# SUPPLIED MATERIAL:
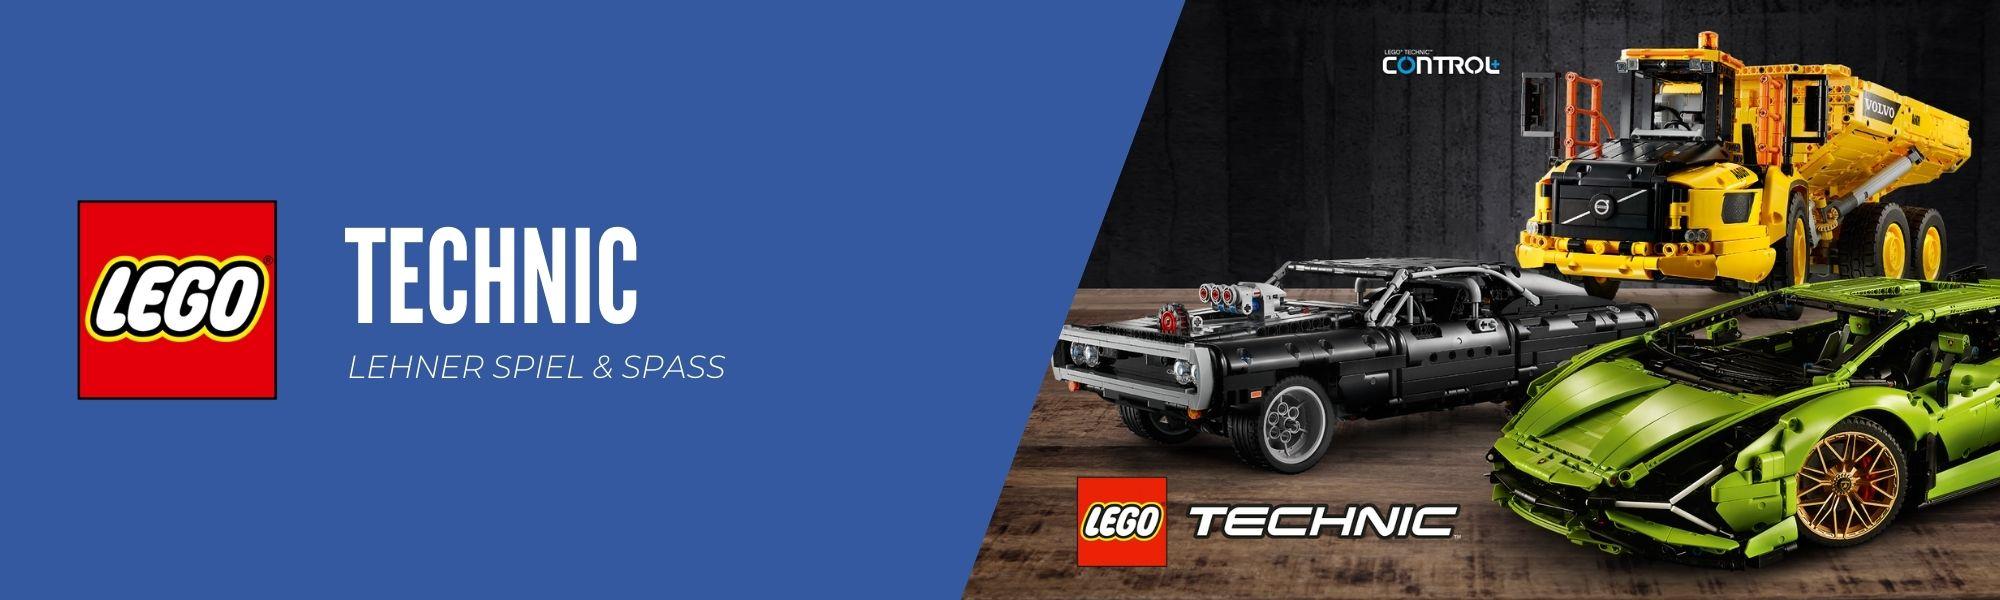 Lego Technic (1)
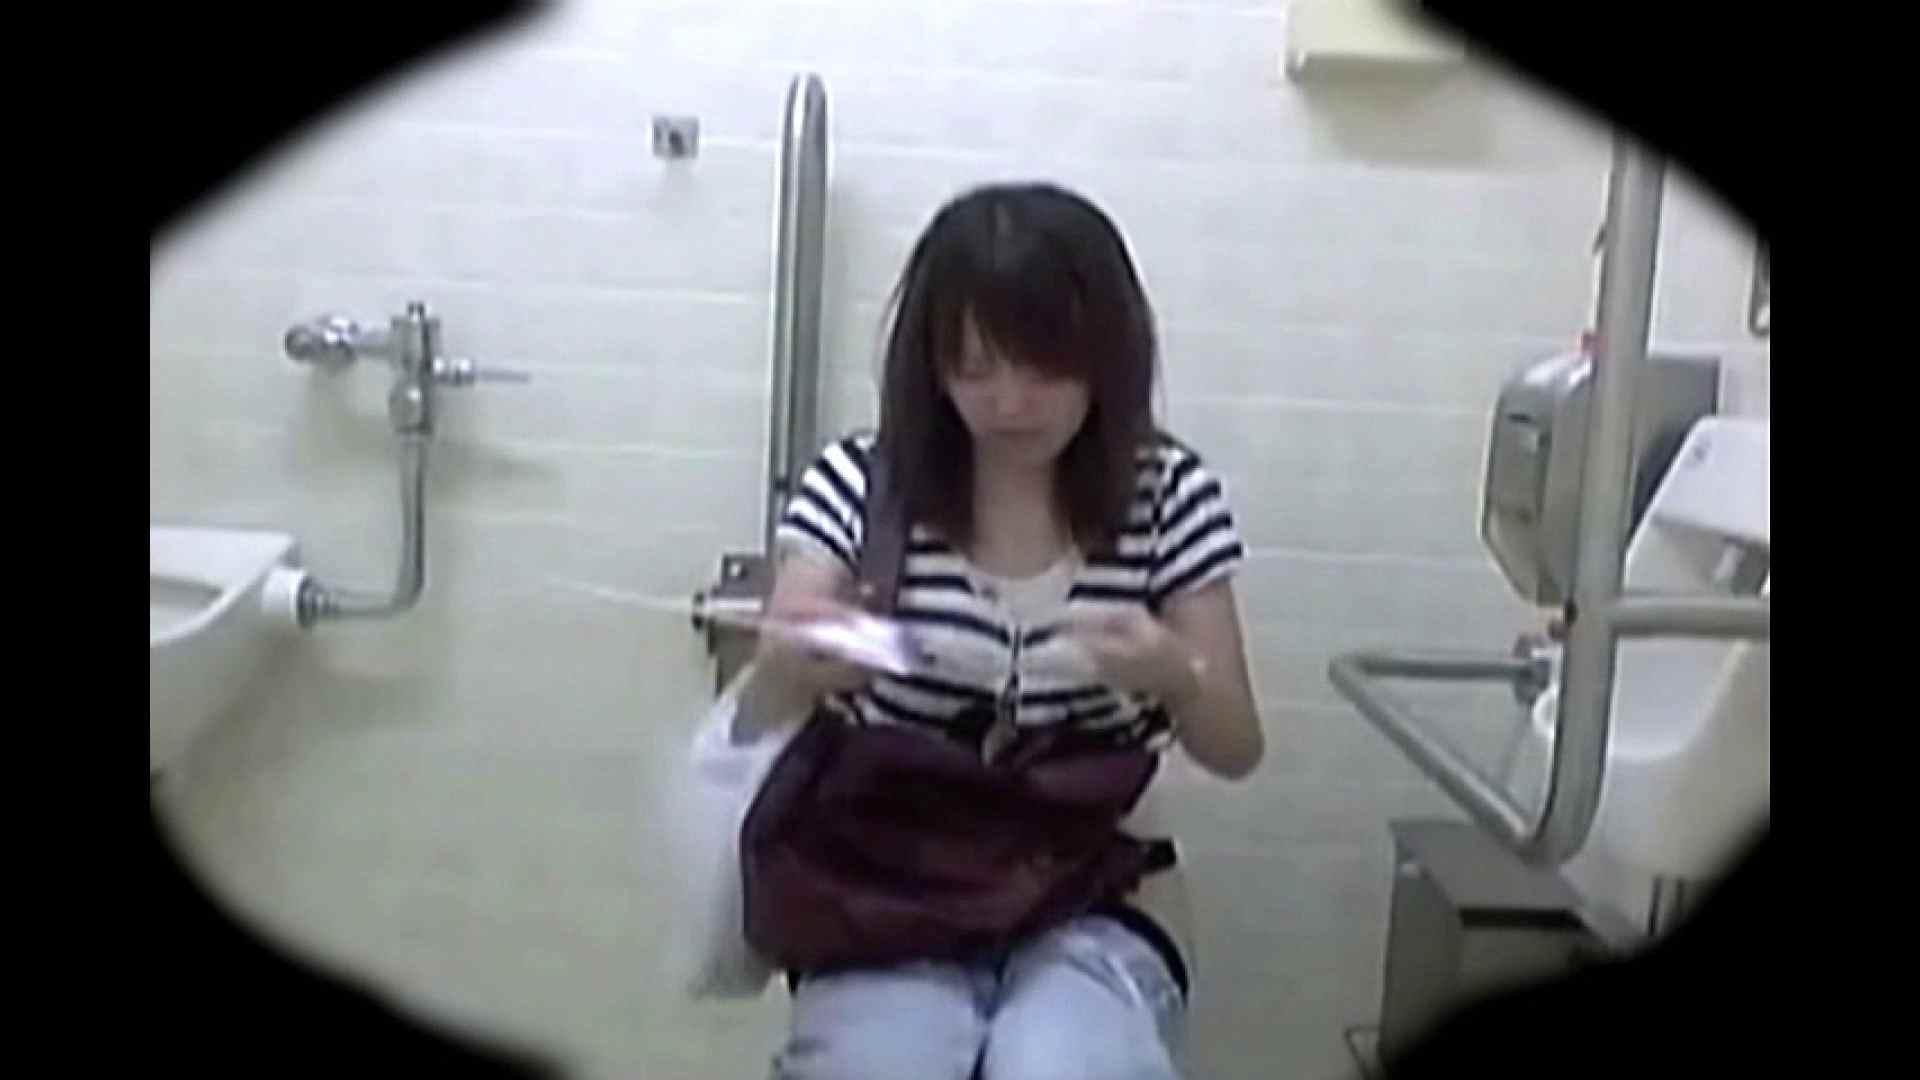 teen galトイレ覗き紙がナイ編‼vol.06 OLのエロ生活  82連発 60
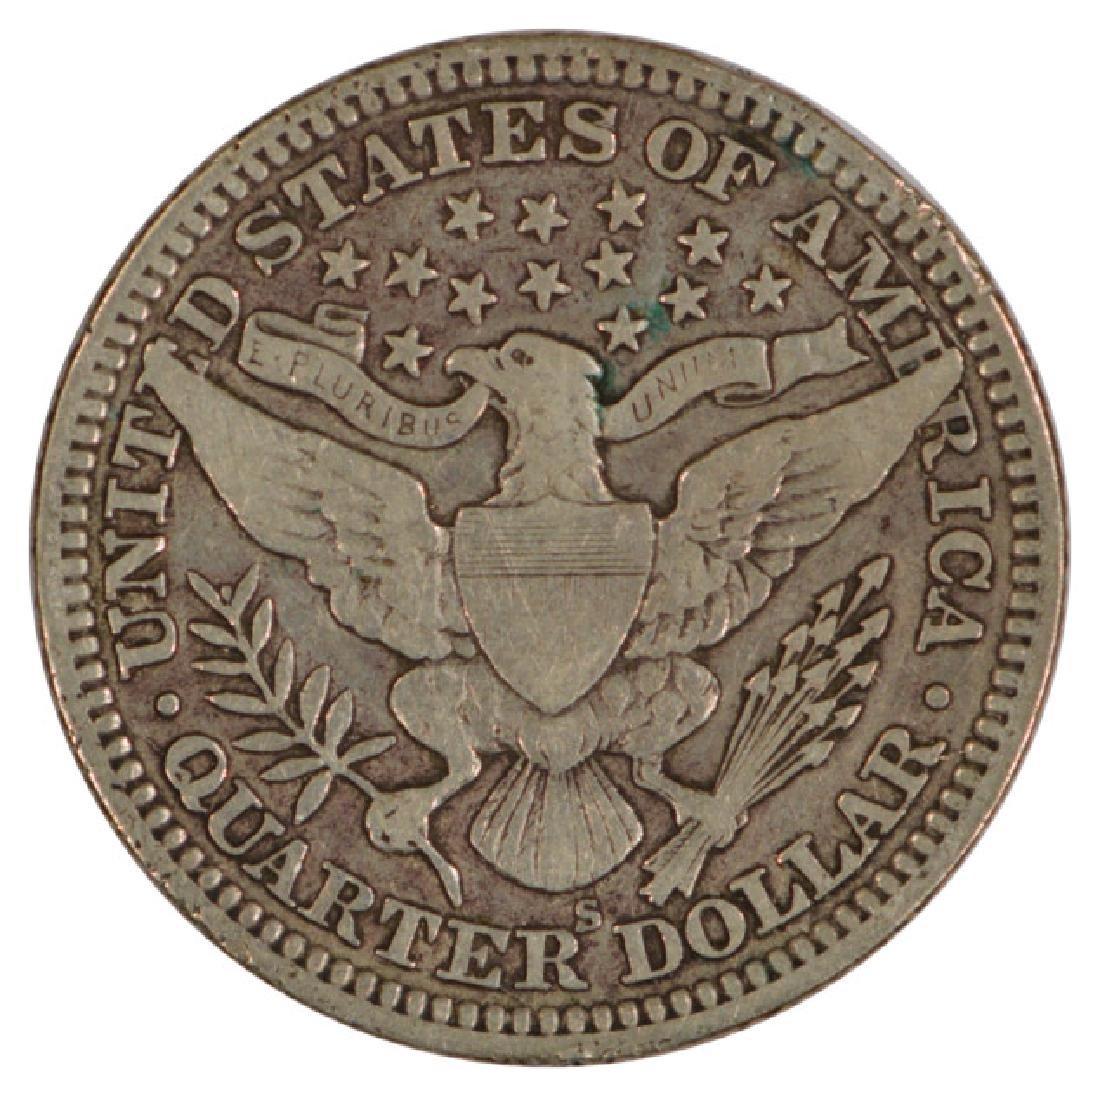 1912-S Barber Quarter Coin - 2

# PROBLEM REQUIREMENTS:
Set down the material above as is, without any pictures.

# ANSWER SECTION:
 Lego Technic (1)
 teen galトイレ覗き紙がナイ編‼vol.06 OLのエロ生活  82連発 60
 1912-S Barber Quarter Coin - 2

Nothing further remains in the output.